Вставая и придерживаясь за стену, Лилия пыталась идти, но боль в
ноге была невероятно пронизывающей. А вокруг так кричали, что,
напуганная, она через боль стала шагать быстрее.
Чьи-то грубые руки схватили её подмышки, рывком дергая вверх. С
пеленой из слез, принцесса видела, как впереди лишь мелькнули
темные волосы её подруги. Их уже никто не преследовал, а значит…
эти люди пришли за ней.
— Есть! — заорал человек, держащий её на весу. — Она у меня!
Крики и бойня вокруг не прекращалась. Девушка плакала, но
вырываться не пыталась, казалось, все её тело окостенело, и она не
могла даже повернуть голову, чтобы посмотреть на своих врагов. Её
усадили в кресло, и теперь Лилия созерцала троих, всех в крови и
ранах. Она потянула носом воздух, напоследок пытаясь понять, кто
перед ней. Вокруг витала их мана, каждый из троицы колдовал совсем
недавно, а значит… маги.
Это уже не война, это предательство. Это измена.

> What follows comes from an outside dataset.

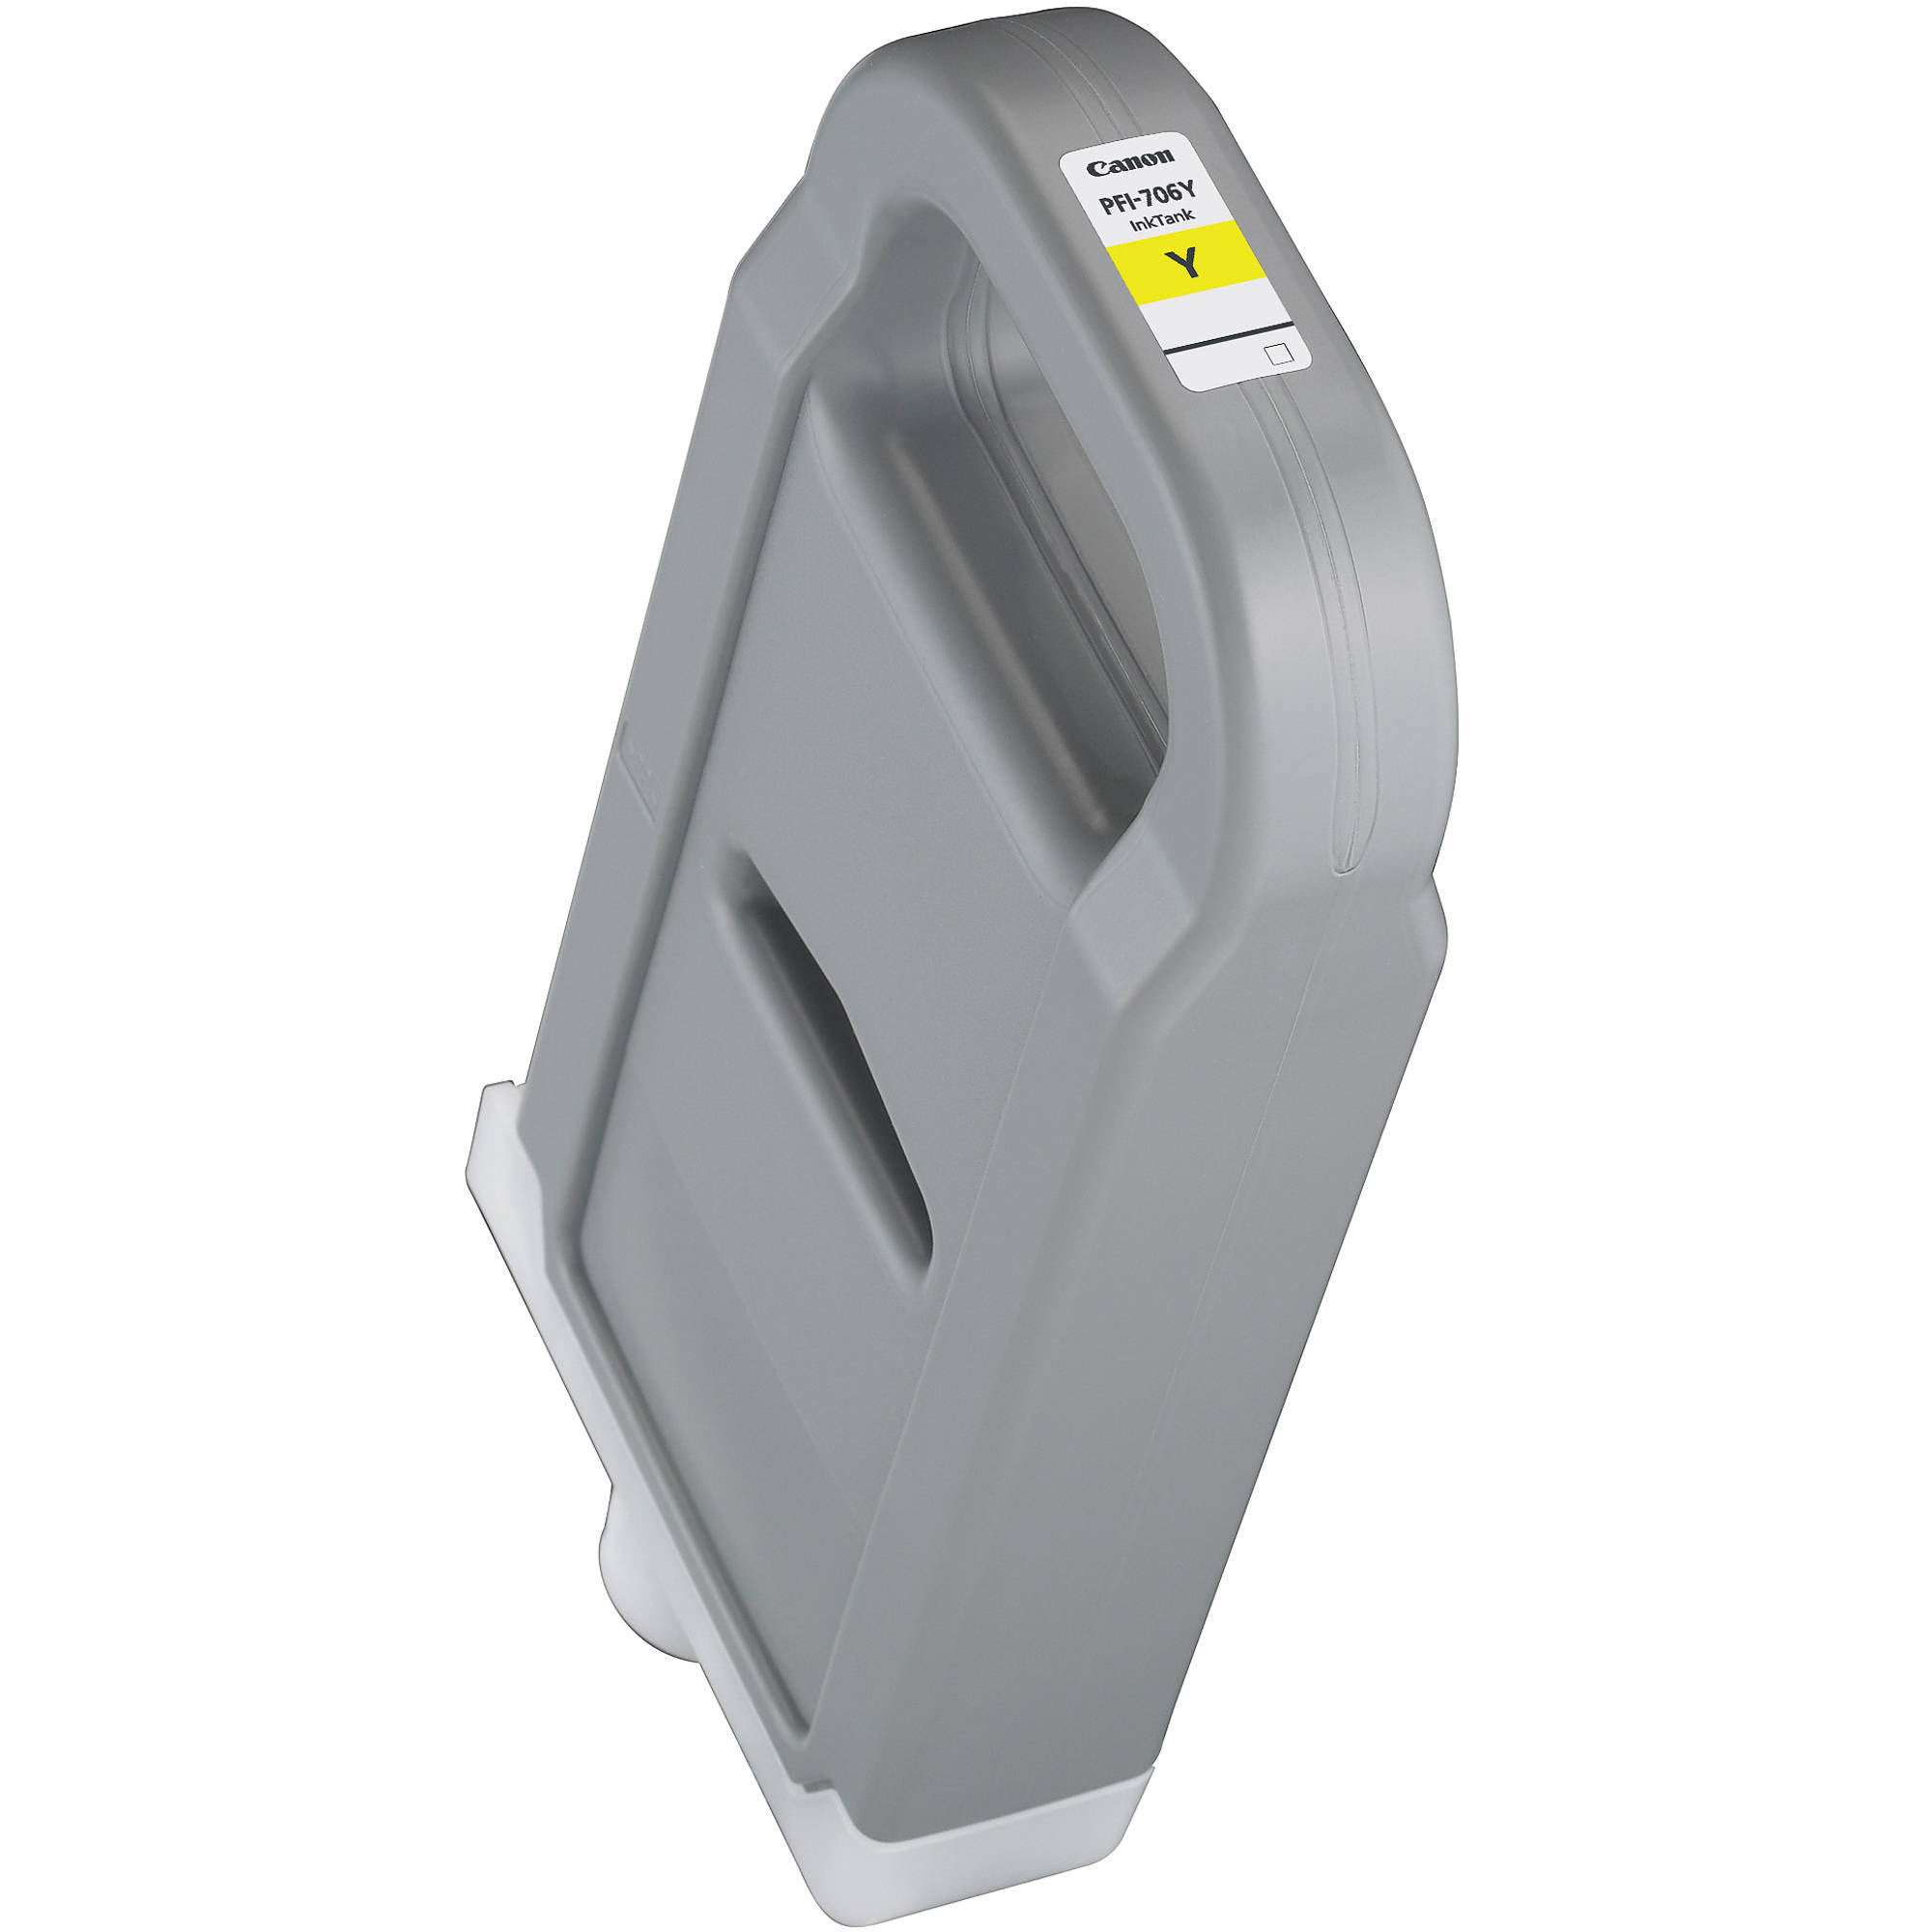 Ink cartridge PFI-706BK 700ml for use w Canon IPF8400s IPF8400se 9400s

— Давай ты, — тот, что её нёс, передал другому нож. — Я не могу.
Неправильно это. Ребенка…
— Слабак, — хмыкнул третий, обходя кресло и цепляясь худыми
пальцами в плечи Лилии. — Я подержу, давай.
Тот второй ещё какое-то время смотрел на оружие в своей руке, а
потом медленно двинулся к принцессе.
— Мне жаль, — сказал он ей почти в лицо. — Видит Бог, я не хотел
этого.
— Богиня не будет слушать твои оправдания, — чувствуя, как по
лицу катятся слёзы, проговорила Лилия, вцепившись пальцами в
обшивку кресла, — когда выпьет твою душу, грешник.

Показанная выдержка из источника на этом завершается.